I want to write a program, what counts to 100. I want to accomplish this with 10 threads, using pthread lock. When the program steps into a thread it generates a number between 0-2, this value will be added to it’s index of array and also to the global variable sum. When the sum value reaches 100, every thread should print it’s own value of array (the amount of the entire array should be equal with the sum variable).
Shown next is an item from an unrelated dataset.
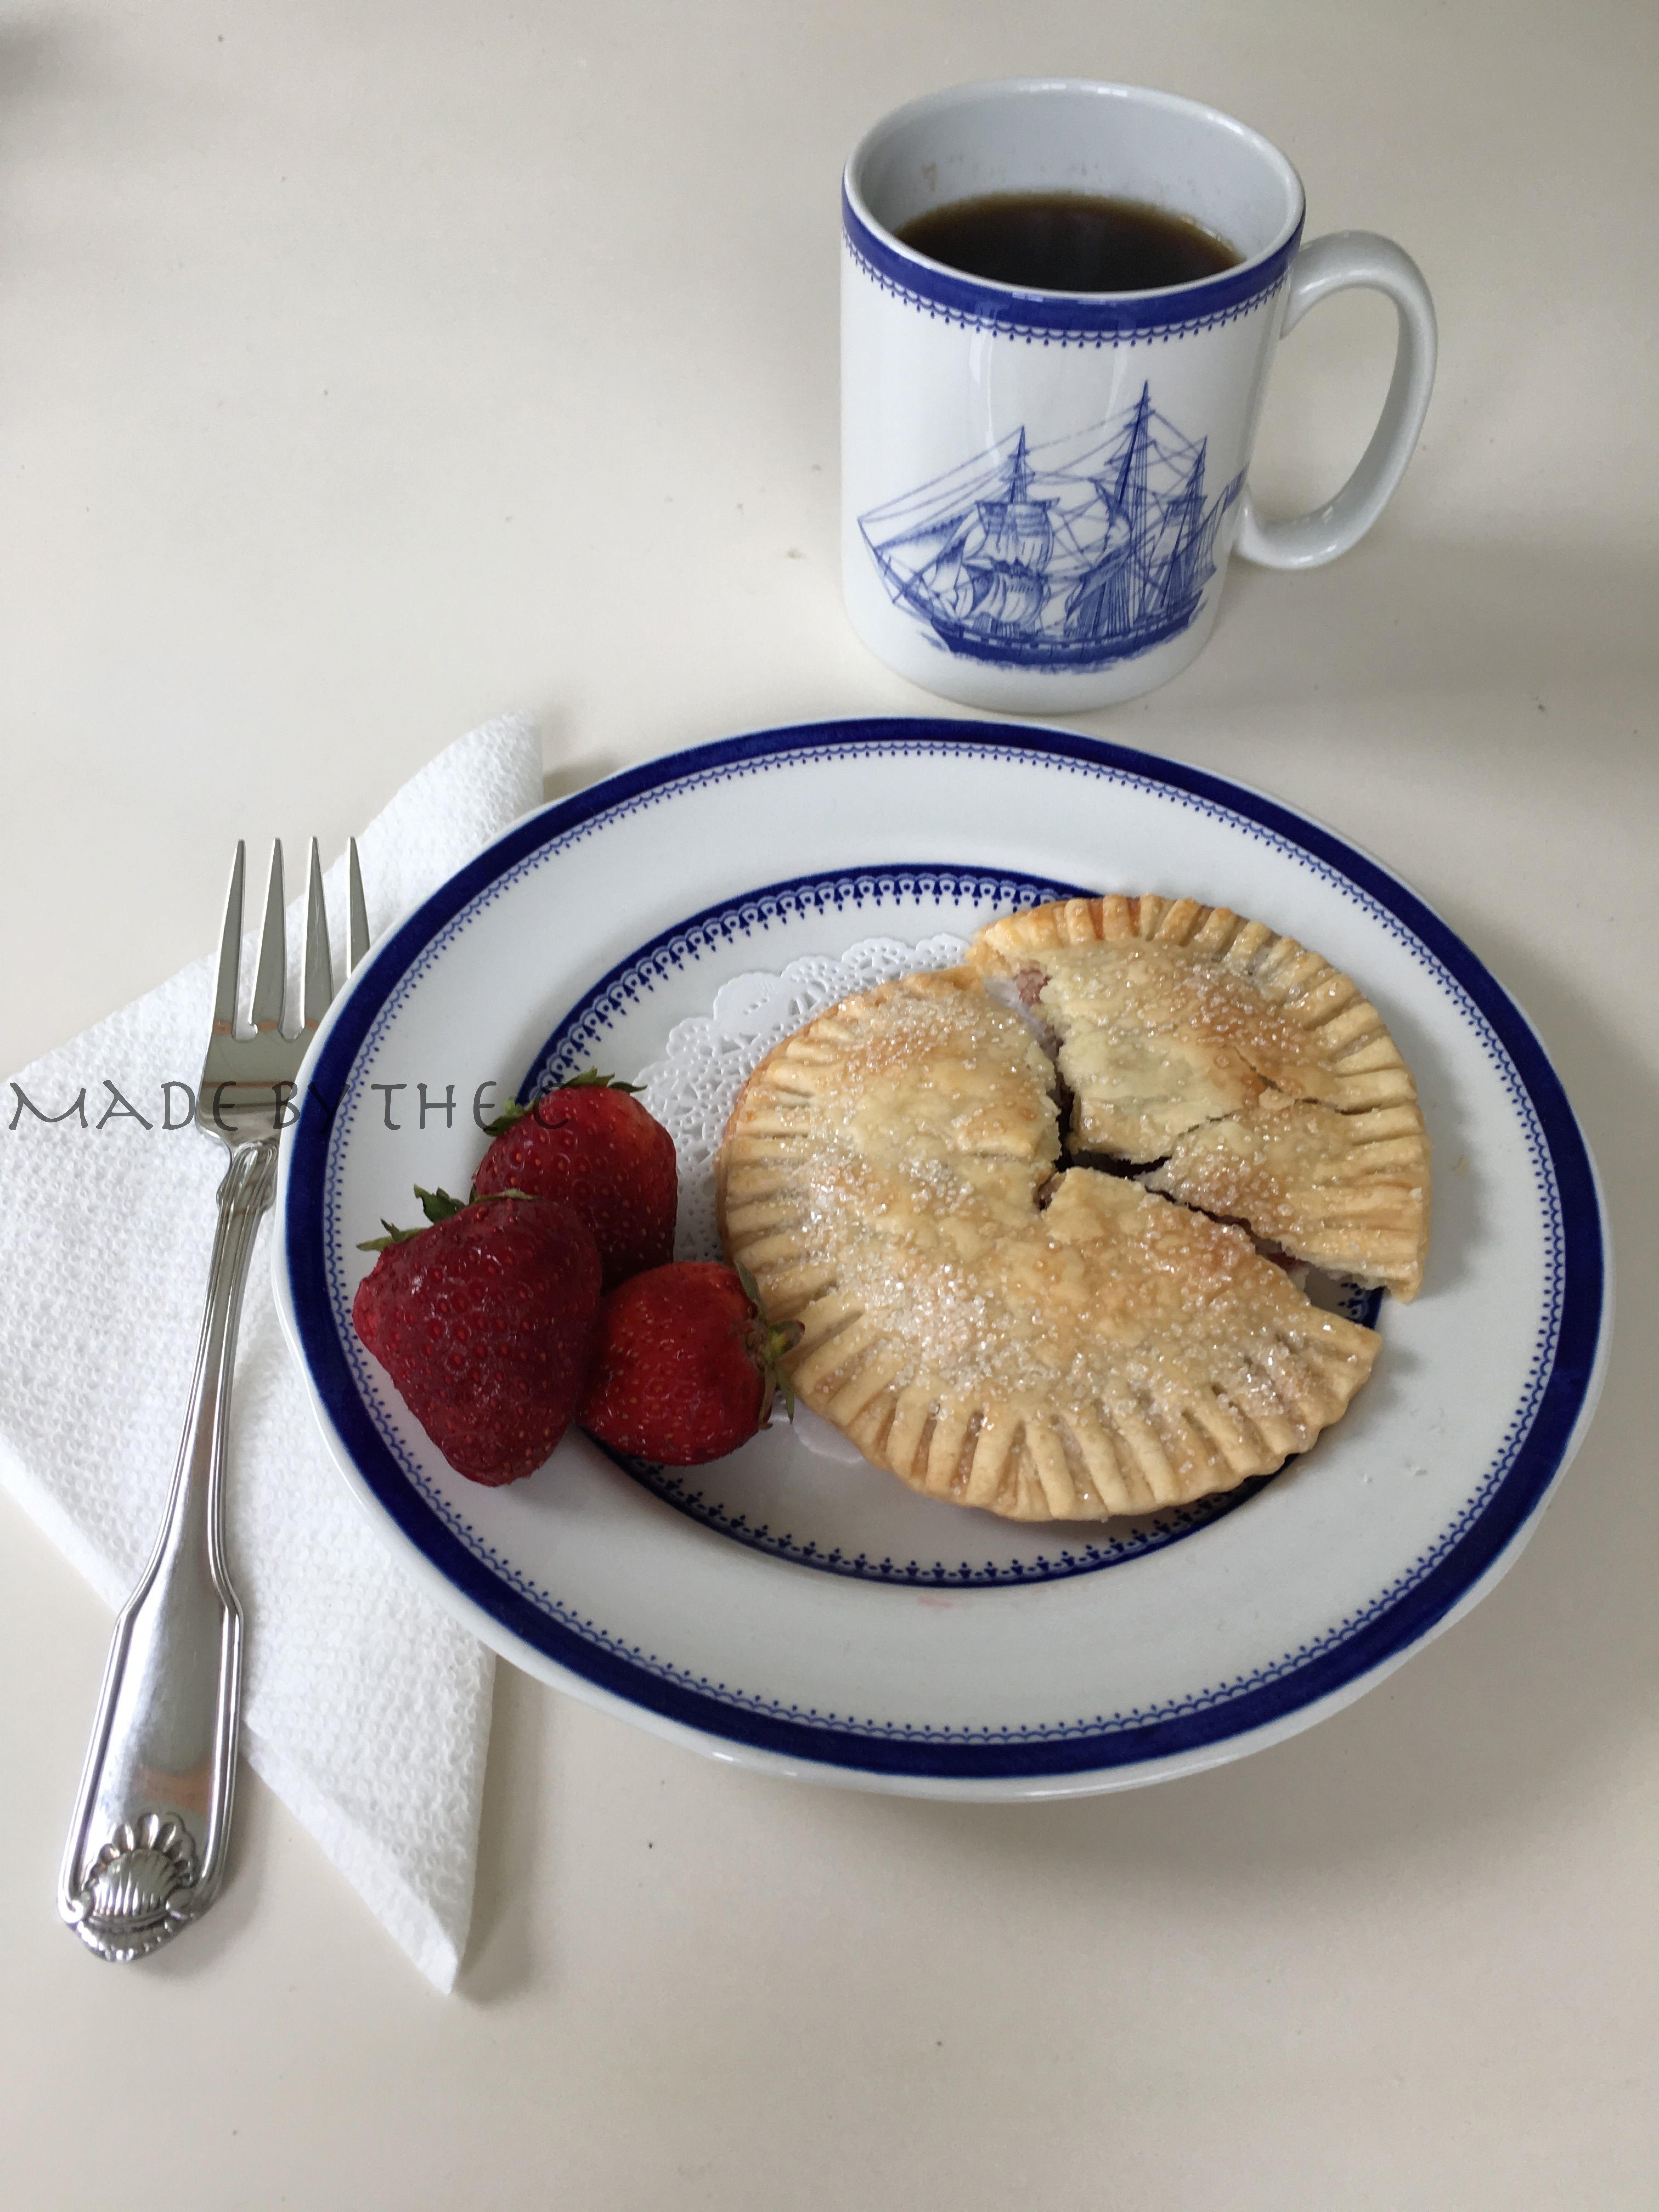 Blueberry on plate_1.jpg

My problem is the following: Always the first thread locks the mutex variable, but I want to distribute the tasks between all threads (arr[1] = 100, every other = 0, but I want for example arr[1] = 14, arr[2] = 8, etc. up to 100). Where am I wrong?

#include <stdio.h>
#include <stdlib.h>
#include <pthread.h>
#include <unistd.h>
#include <time.h>
#include <errno.h>

pthread_mutex_t mutex;
int arr[10];
int sum = 0;

void *add (void* input) {

    int *id = (int*) input, x, s;
    int ind = *id;

    while (sum < 100) {
        while (1) {
            if (pthread_mutex_trylock(&mutex) != EBUSY)
                break;
        }

        if (sum < 100) {
            x = rand() % 3;
            arr[ind] = arr[ind] + x;
            sum += x;
        }

        pthread_mutex_unlock(&mutex);
        sleep(0.1);
    }

    printf("The %d. thread got %d points!n", ind, arr[ind]);
    return NULL;
}

int main (void) {

    int i;
    pthread_t threads[10];
    pthread_mutex_init(&mutex, NULL);
    srand(time(NULL));

    for (i = 0; i < 10; i++) {
        if (pthread_create(&threads[i], NULL, add, &i)){
            perror("pthread_create");
            exit(1);
        }
    }

    for (i = 0; i < 10; i++) {
        if (pthread_join (threads[i], NULL)){
            perror("pthread_join");
        }
    }
    pthread_mutex_destroy(&mutex);
    return 0;
}

The output:

The 1. thread got 100 points!
The 2. thread got 0 points!
The 3. thread got 0 points!
The 4. thread got 0 points!
The 5. thread got 0 points!
The 6. thread got 0 points!
The 7. thread got 0 points!
The 8. thread got 0 points!
The 9. thread got 0 points!
The 0. thread got 0 points!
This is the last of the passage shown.